Some channels include:

  • Small group meetings
  • Large group meetings
  • Q&A sessions
  • Webinars
  • E-mail
  • Videos

“The most effective I’ve seen is a really good balance between targeted communications,” says Croner. “Some combination of static and dialogue-based communications is going to be really good. I’m a big believer in group sessions, because so much of the communication happens in the networking.”

It also needs to be done well in advance. Experts recommend that employees should start considering what they want their retirement years to look like five years out of an expected retirement date. At three years out, they need to dig deeper, set goals, and find their new purpose.

Positive and negative trends

Two topics discussed around wellness programs these days include flexibility and mental health, which shouldn’t stop with remote workers or working parents. Employees nearing retirement need flexibility and mental health support, too.

Having flexible options can help both worker and employer transition better. Adding this employee population into already-existing early-career and mid-career development programs is one idea Croner suggests.

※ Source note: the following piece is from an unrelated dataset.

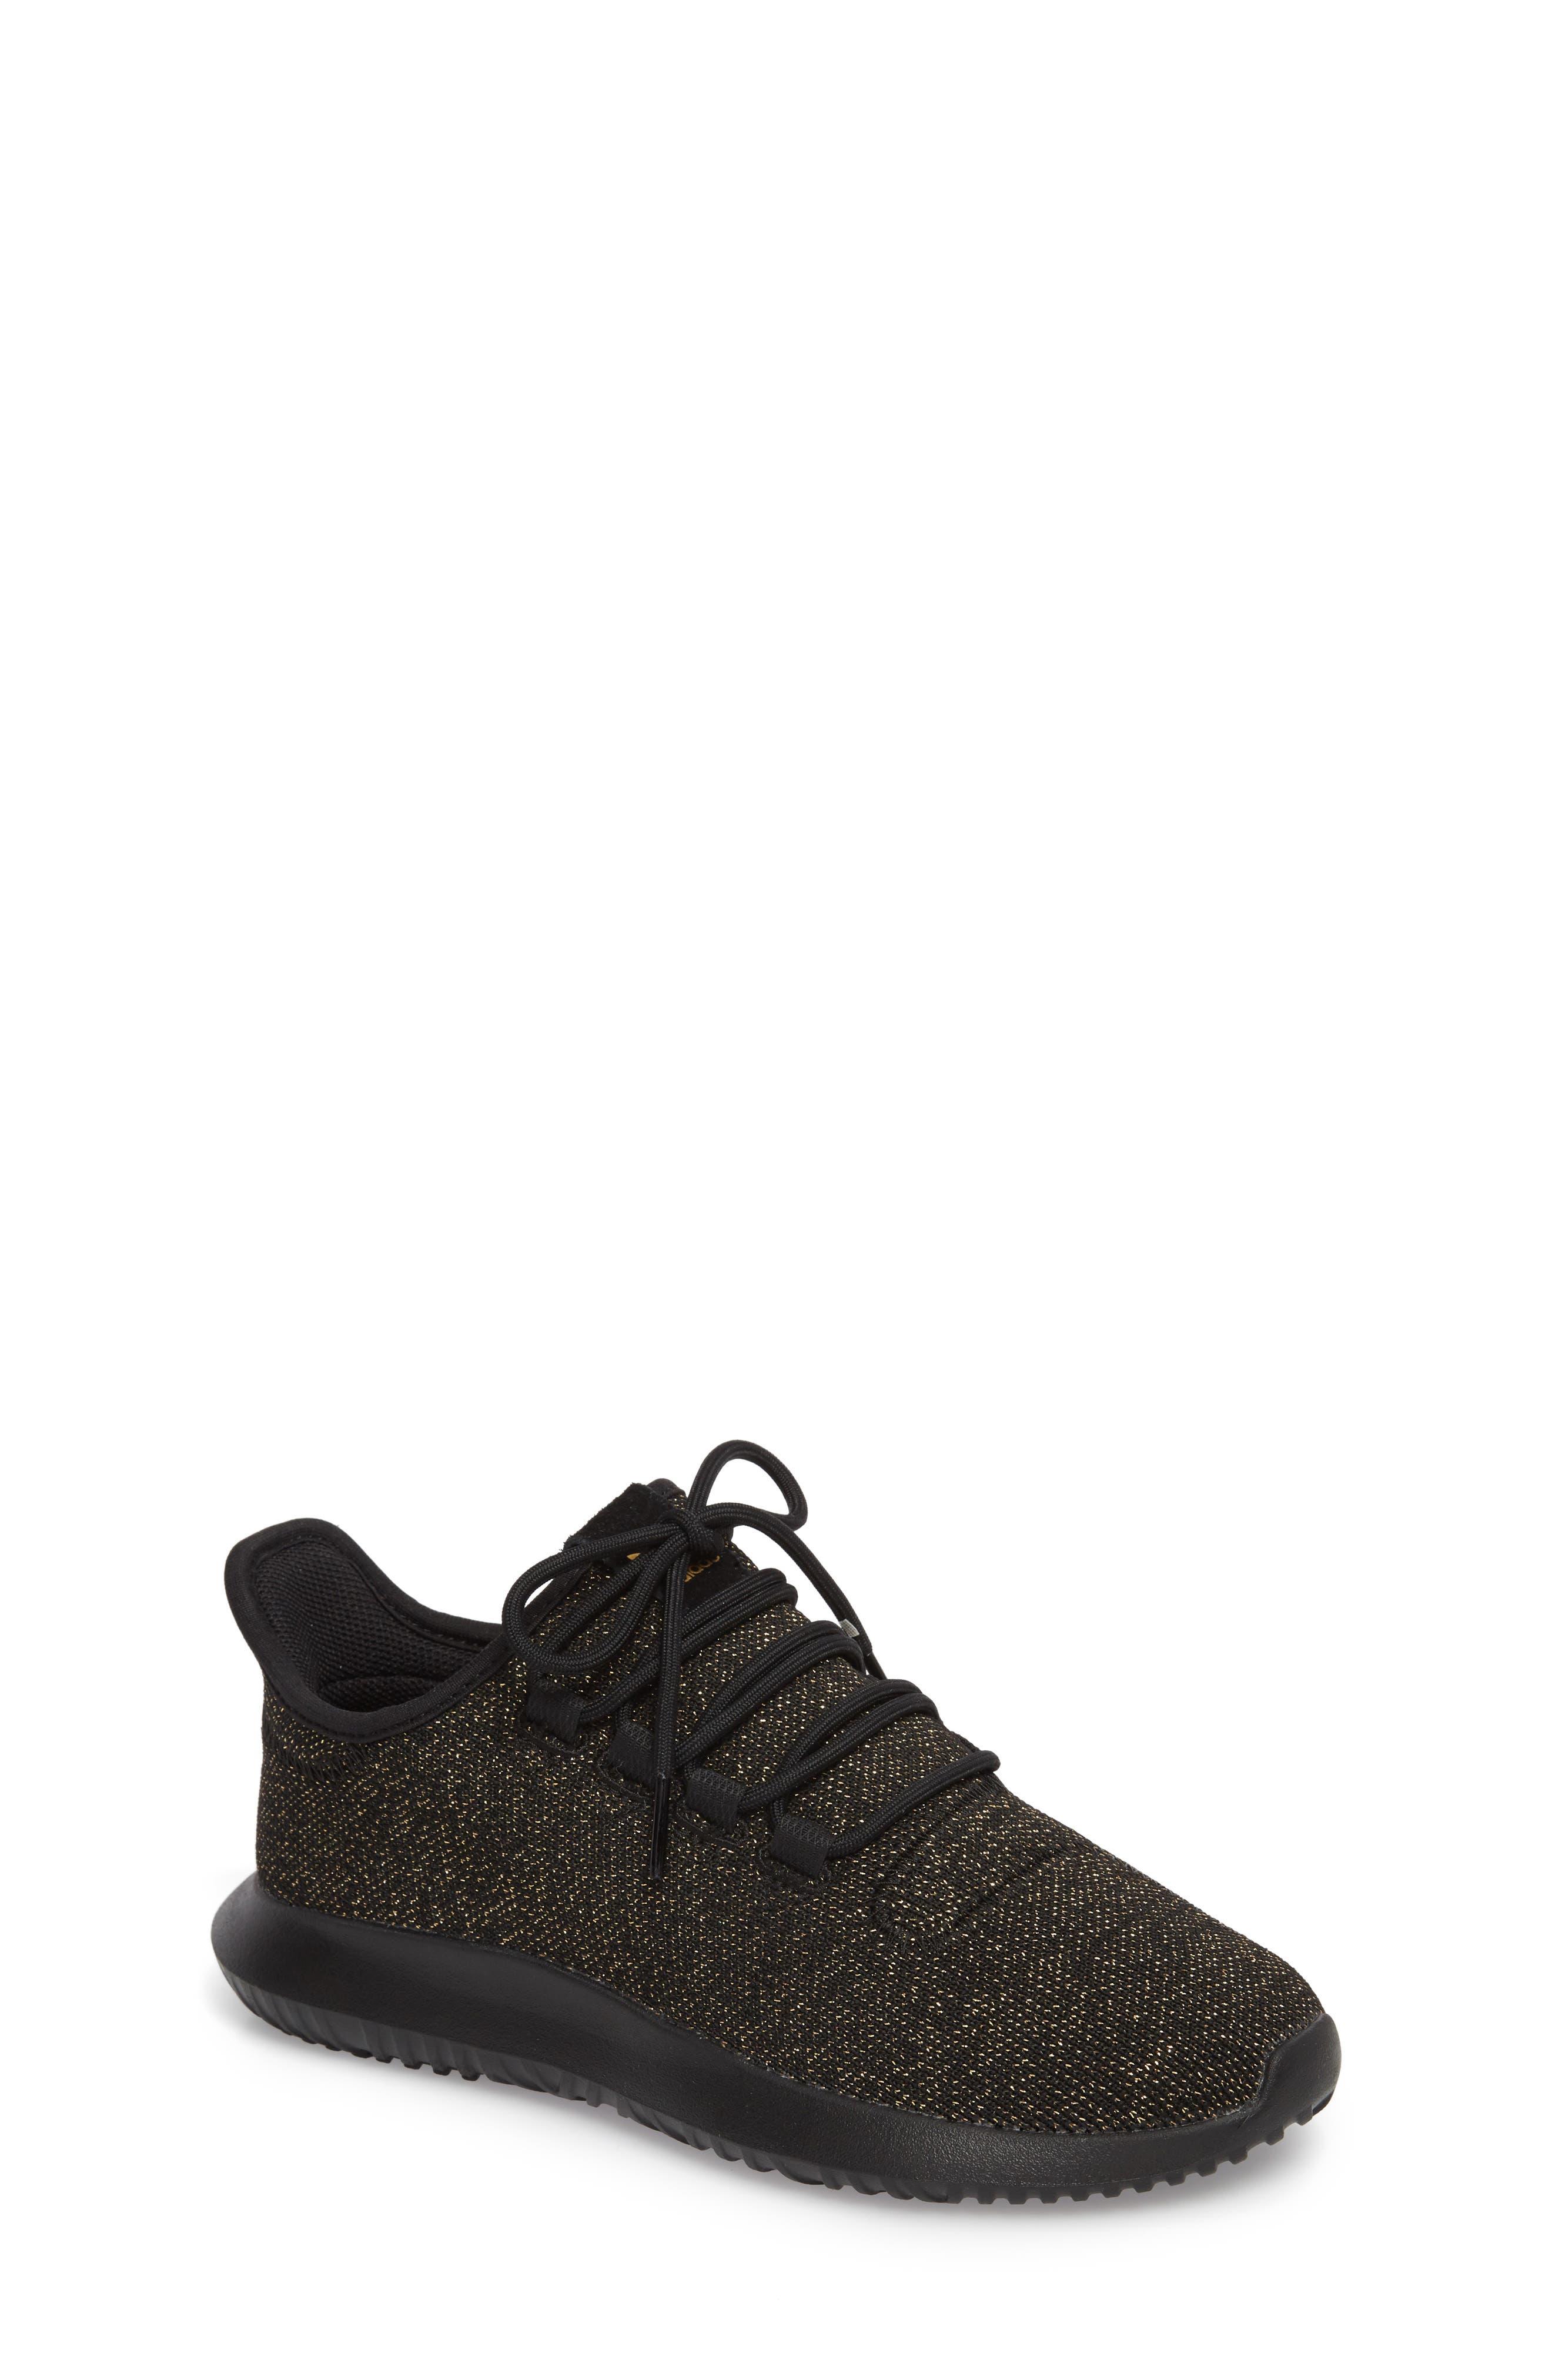 Tubular Shadow Sneaker,                             Main thumbnail 1, color,                             Core Black

And with depression a significant issue in older populations, keeping retirees supported with well-planned retirements and a healthy lifestyle is foundational to a retiree-friendly wellness plan. Though DE&I is another frequent topic in the workplace, ageism isn’t often mentioned, Croner says. Better support for older employees, like an ESG or mentoring program, is not only equitable but also supports an inclusive culture.

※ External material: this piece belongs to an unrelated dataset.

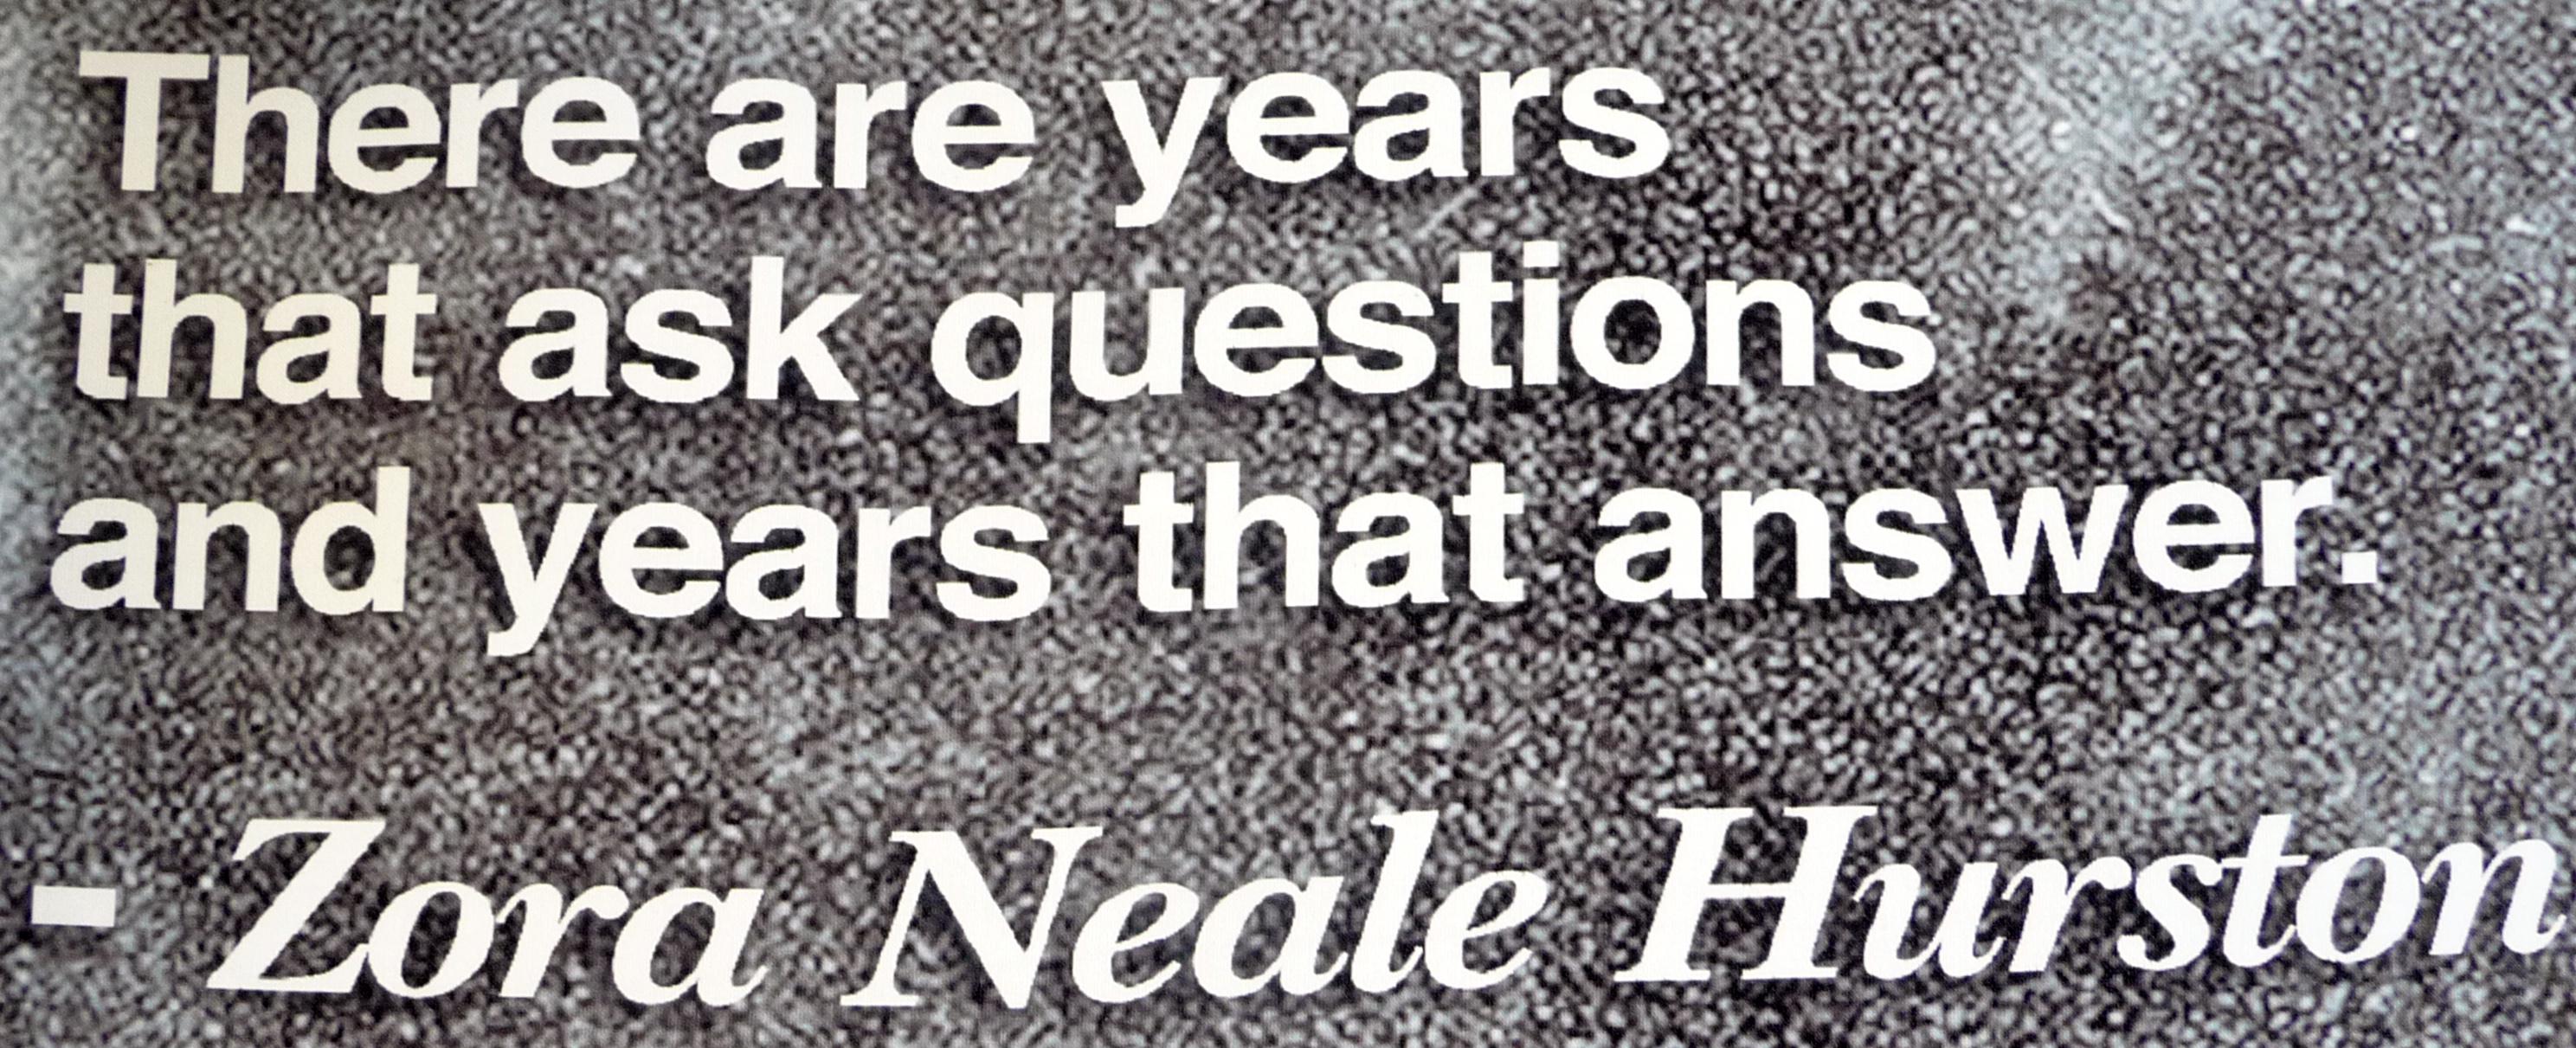 Zora Neale Hurston's quote #7

A study of Subaru’s work to destigmatize retirement

Subaru employs 1,300 workers at its Camden, New Jersey, headquarters. A full quarter of those employees are 55 and older. With such a high percentage of older employees and a commitment to “sharing the love,” the auto manufacturer’s wellness team has its future retirees in focus.

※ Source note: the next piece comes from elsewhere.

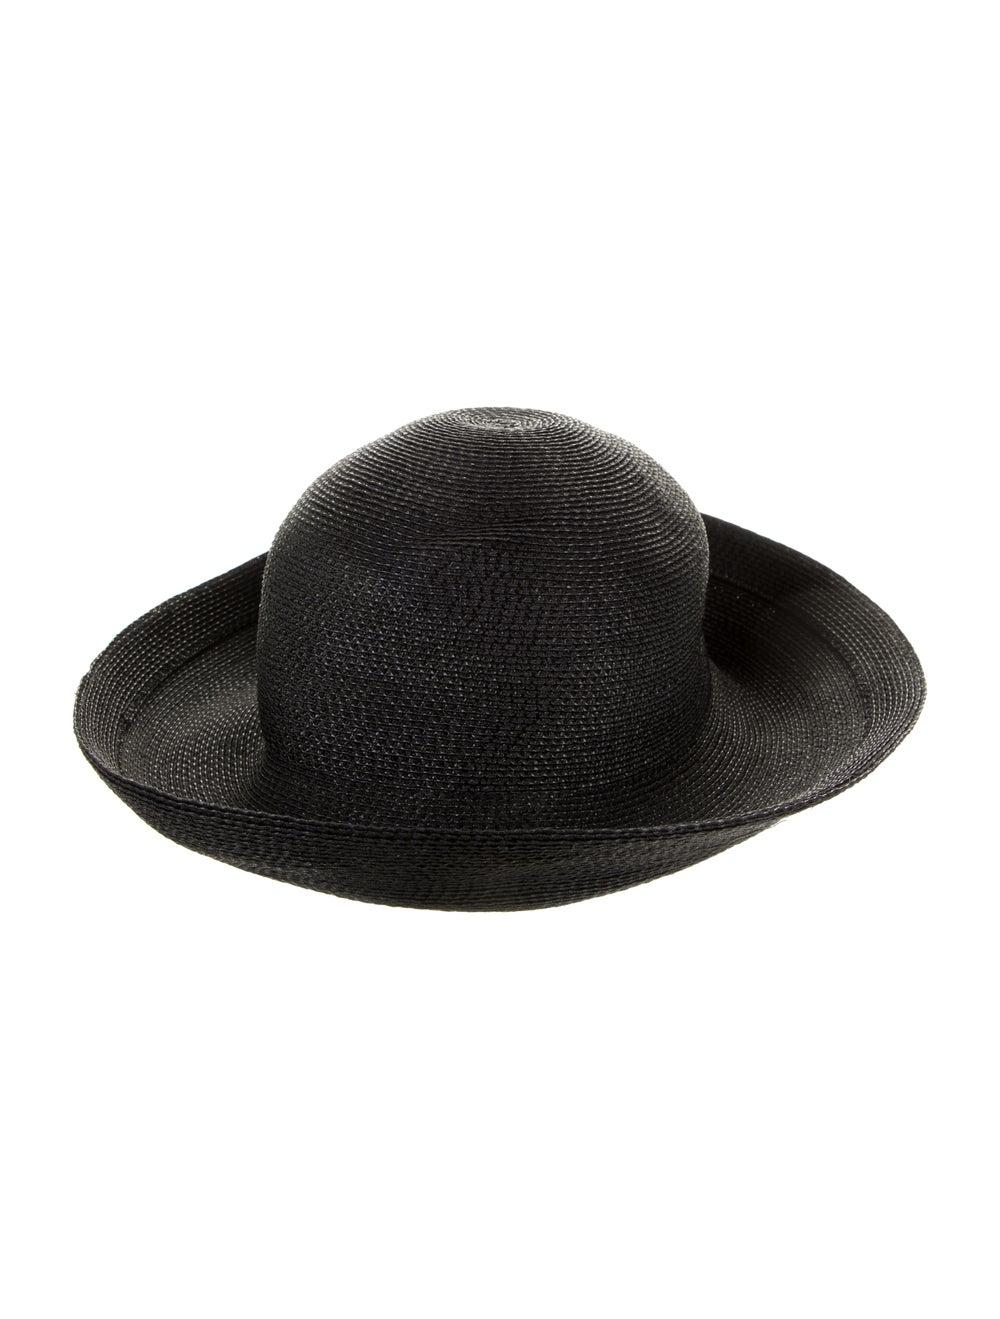 Patricia Underwood Black Straw Sun Hat Black - image 2

Investing in talent development and career pipelines, Subaru developed programs for early and mid-career employees. An average of 30 employees retire every year, so Subaru set out to create a consistent succession path to fill the void and a healthy transition framework.

To help establish a supportive retirement culture, Subaru created the “Love What’s Next” program. The program drives retirement-transitioning employees to think positively about retirement and feel supported in their decisions.

The program offers:

  • Preparedness analysis by retirement consultant firm CCI Consulting.
  • One-on-one conversations with provider Fidelity Investments to discuss financial issues and decision-making.
  • Guided thinking and conversations between a retiree and loved ones to gauge expectations and assumptions about post-retirement life.
  • Health benefits through Horizon BCBS that extend into retirement.
  • An EAP through Cigna that assists with mental health support.

“We find this program has been very popular with individuals and with spouses,” says Peggy Verdi, vice president of human resources and administration at Subaru. “It’s an opportunity for our employees to really take a step and focus on them.”

Peggy Verdi

Leadership referrals, intranet communications, and word-of-mouth steer employees to the program. So far, 100% of its retirement population has participated in “Love What’s Next.” Verdi says it gives employees more flexibility as their career comes to an end, with less stress and more commitment to the organization.

“We’re trying to encourage people when they’re even five years out from retirement to begin having conversations and getting education on Medicare and Social Security,” says Verdi. “We would love to see more people coming to us at fifty.”

More individuals are currently reaching out to HR at age 55, but Subaru also has several long-tenured employees who stay much longer than the typical retirement age.

“[Love What’s Next] was an investment for us, and it continues to be an investment, but well worth it,” says Verdi. “We look at it holistically from an emotional standpoint, from a financial standpoint. It’s really trying to treat individuals with that care, that dignity, and that respect exiting the organization as we did when they came in.”